Latin America Advisor

A Daily Publication of The Dialogue

How Important are the US & Peru to Each Other?

Q: U.S. President Barack Obama met with Peruvian President-elect Ollanta Humala during his visit to Washington on July 6. The two leaders discussed Peru's economy and joint efforts to improve security and fight drug trafficking, among other issues, the White House said. What does the meeting, occurring even before Humala takes office, say about the importance the United States places on its relationship with Peru and its incoming president? From Peru's perspective, how important is the United States? Will the two countries be good partners after Humala is sworn in?

A: Julio Carrión, director of Area Studies at the University of Delaware: "Paradoxically, Humala's trajectory represents the main political alternatives in the region. In 2006, he embraced Hugo Chávez's strident populism, a decision that ultimately cost him the election. In 2011, he switched-with great electoral success-to the other alternative. Represented by the Workers' Party in Brazil, it combines sound economic policy, social inclusion and representative democracy. As we know, domestic considerations forced him to abandon his early positions, and he could start his government farther toward the center than his critics could have anticipated. Still, given that his first cabinet has not yet been announced, a more drastic return to Humala's initial populist postures cannot be entirely dismissed. In the context of this uncertainty, the Obama administration's decision to engage the new president is welcome and encourages the more moderate members within Humala's inner circle to view the United States as a potential ally rather than an obstacle to overcome. The White House statement that Obama supports the coupling of 'sound market-based economic policies with efforts to increase economic and social inclusion' could only be perceived as a signal that the United States would not oppose Humala's more inclusive agenda if steered away from Chávez's sphere of influence. Humala paid a compliment in kind by declaring to The Washington Post that his relationship with the United States started 'on a good foot.' Humala will not be the unconditional ally that Toledo and García were, but he has given clear signals that he is a pragmatic politician and therefore willing to find areas of agreement and collaboration with the United States."

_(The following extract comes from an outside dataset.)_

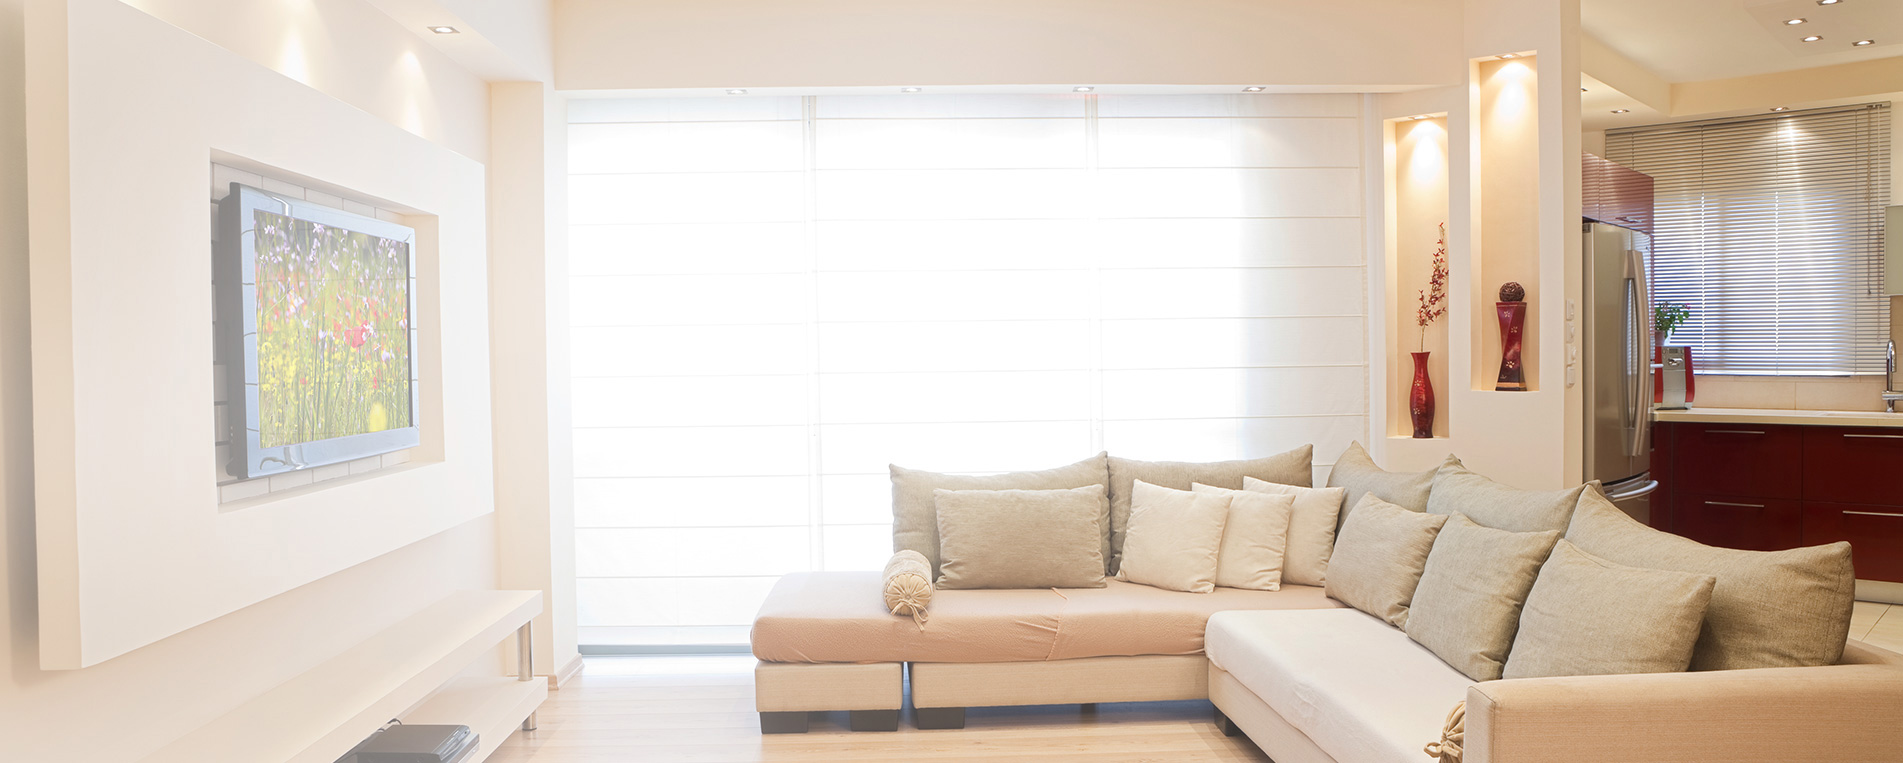 Save Money And Keep Your Home Comfortable With Motorized Shades
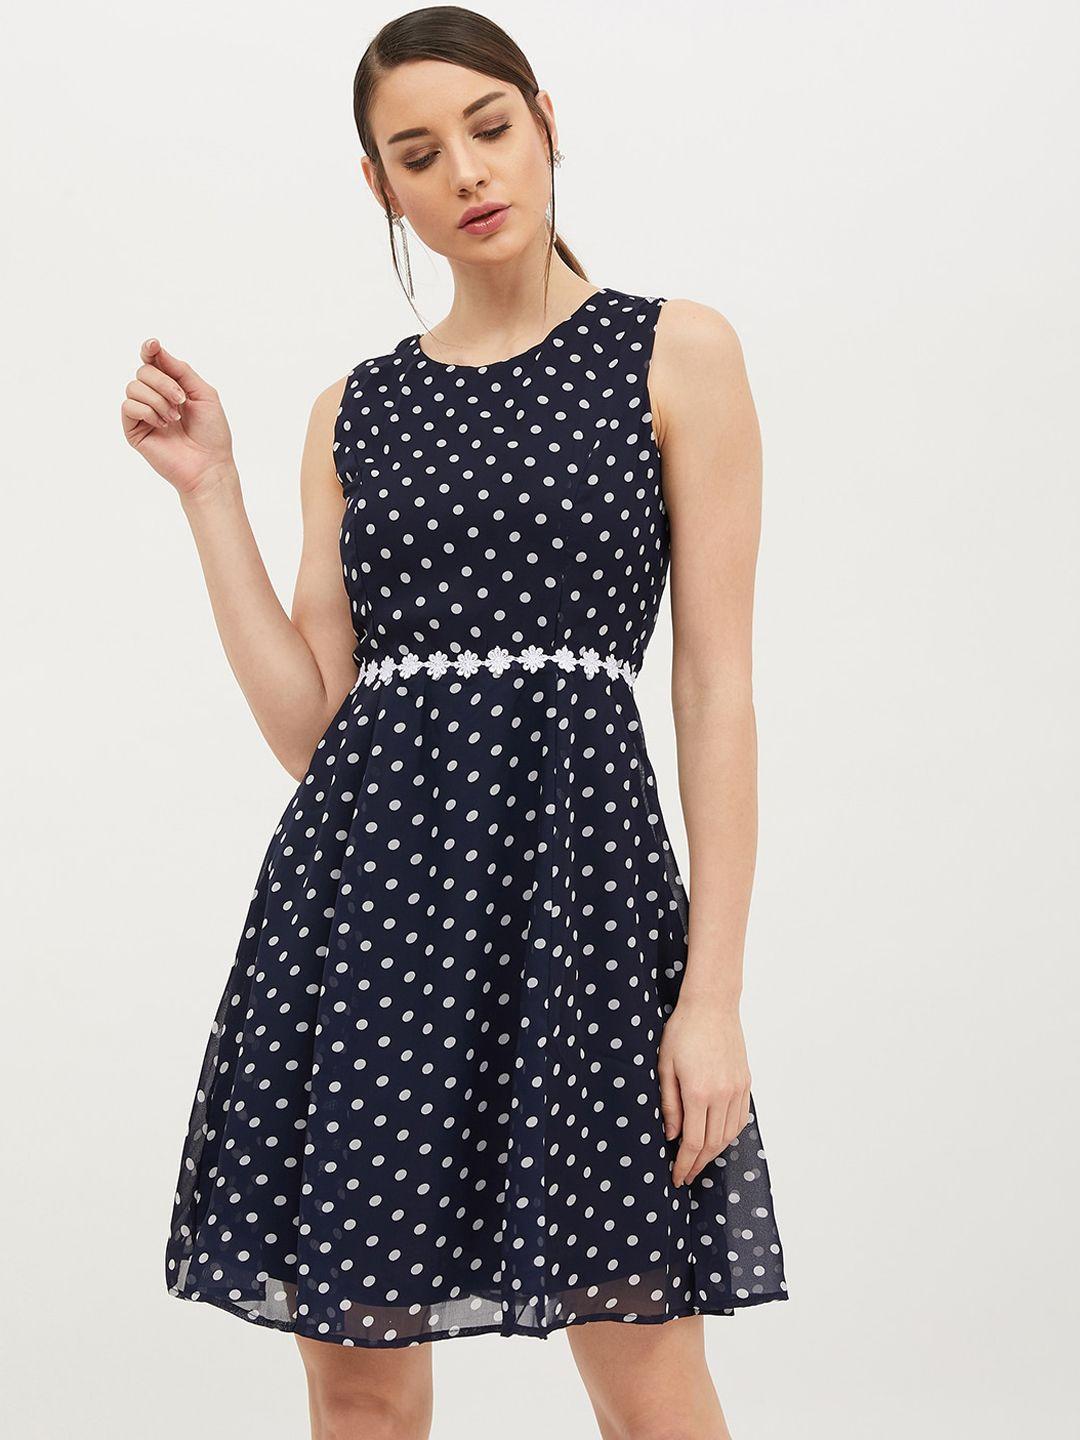 harpa women navy blue & white polka dots printed fit and flare dress

A: Coletta A. Youngers, Senior Fellow, the Washington Office on Latin America: "U.S.-Andean relations are at a historic low-point, with three countries having expelled U.S. ambassadors. Peru has been one of Washington's few faithful allies in the region; hence, the election of leftist Ollanta Humala no doubt has the State Department worried. Humala's visit to Washington, however, indicates that both countries are interested in maintaining good relations. President Obama's meeting with Humala sent a very clear signal of goodwill. Humala won the second round of voting with the support of moderate sectors who opposed the return of Fujimorismo. As a result, he has had to revamp some of his economic proposals and sought to reassure investors that he will work within the prevailing economic model while seeking to improve Peru's vastly unequal income distribution. Given the present political climate in Peru, it is not in Humala's interests to ruffle feathers in Washington. Nonetheless, all indications are that Humala will place higher priority on regional relations and regional bodies independent from Washington. He visited numerous countries prior to coming here, and will likely look to Brazil rather than to the north for guidance and will support its role as a regional powerhouse. Humala has also emphasized multilateralism and strengthening Unasur and the Andean Community. Drug policy is one issue that could complicate U.S.-Peruvian relations. Humala has called for promoting alternative livelihoods in coca growing regions and ending most forced eradication. It remains to be seen if Washington will show greater flexibility with Peru on the coca issue than in neighboring Bolivia."

A: David Scott Palmer, professor of international relations and political science at Boston University: "President-elect Ollanta Humala has been making courtesy calls on Peru's neighbors since his narrow but clear June 5 runoff victory, finishing up with a trip to the United States. His July 6-7 meetings with high U.S. officials, including Secretary of State Hillary Clinton and President Barack Obama, made clear the importance the United States places on relations with Peru, particularly in the areas of trade, investment and drug trafficking. There is considerable uncertainty over just what policies the president-elect will actually pursue once in office because of statements during the campaign and wide variations in positions among his advisors. Given this context, the high-level reception he received in Washington sent a clear signal of continued U.S. support for the positive relationship enjoyed with Peru in recent years and the hope that the new administration will reciprocate. Humala's response indicated that he got the message, in spite of past anti-American positions, he said 'it is time to focus on mature, responsible, and pragmatic relations [with the United States] involving national interests.' Once in office, however, it is very hard to predict what the Humala administration's actual behavior will be. Past comments and party platforms suggest the likelihood of tensions with the United States over proposals to adjust the Free Trade Agreement, to increase taxes on mining investments and to reduce coca eradication, and possibly other areas as well. To the degree that these actually occur, adroit diplomatic responses will be required to maintain the positive trends that current relations enjoy."